Service was in his family’s blood. His great-grandfather had been a general, his grandfather a captain, his father a major. And this tradition had been continued by Harold, the older brother Thaddeus never met. A West Point grad, he’d died by sniper fire in Lebanon. His square-jawed photo was framed alongside a folded American flag in the living room. Thaddeus’s family remembered him by attending Memorial Day celebrations and always setting an empty plate at the dinner table at Thanksgiving, Christmas, and Easter. His parents were old. Old enough to be his grandparents. They referred to Thaddeus as their second chance and spoiled him accordingly. “Your brother died a hero,” they said. “But you’ll live as one.”
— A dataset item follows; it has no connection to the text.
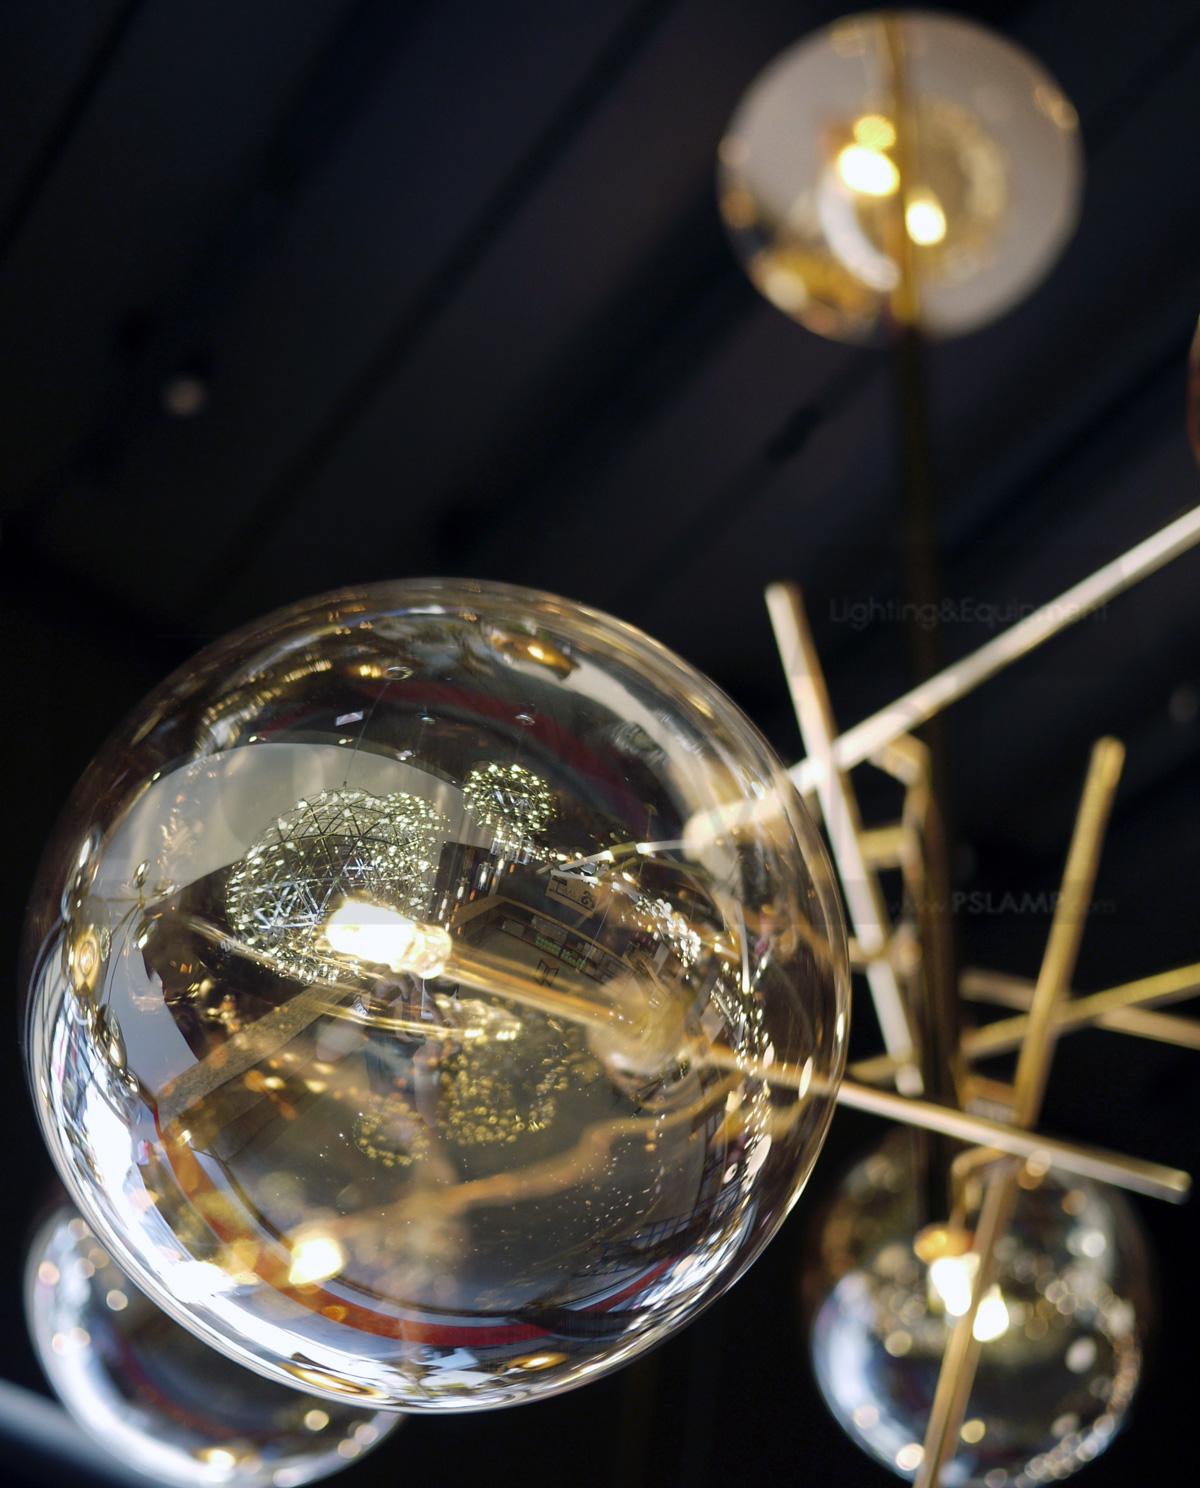 โคมไฟวินเทจ-โคมไฟโมเดิร์น-ขายโคมไฟ-ร้านโคมไฟ-โคมไฟราคาถูก-GOPIA

His parents believed he loved animals because he asked for them as pets. His room was stacked with glass tanks. Some were aquariums that bubbled with oxygen filters and held fish that flashed colorfully in and out of ceramic pirate ships. Others were bottomed with cedar chips or sand and housed tarantulas and iguanas and gerbils and mice. But he wasn’t caring for them. He was experimenting on them. With tools and chemicals. He knew other people wouldn’t think of it the way he did—they would use a word like torture—so he kept his scientific inquiries a secret and hid the logbook in which he noted his results. And when he reported their deaths to his mother, telling her, “Sadly, another guppy died,” or “Alas, Mr. Mouse is gone,” he always hung his head as though to hide his tears, and she would rub his shoulders and say, “Don’t be blue. We’ll pick you up another.”
He developed very early on, from his animals and from his deceased brother, the perspective that life was discardable, replaceable. And that the difference between man and animal was comparable to the difference between himself and his schoolmates. Beasts accepted their station in life, whereas the best of humans dreamed and aspired. Besides having sex and watching movies and winning ball games and buying new clothes from the mall, his fellow students didn’t seem to care about much beyond their most basic needs. They did not wish to conquer or influence or discover. This seemed to Thaddeus positively un-American. They had been given a gift—to be born in this country at this time was a gift. This was the richest, healthiest, least dangerous, and most educated moment in human history, and to be an American at this juncture was the equivalent of winning the cosmic lottery. You were obligated to do something with your winnings.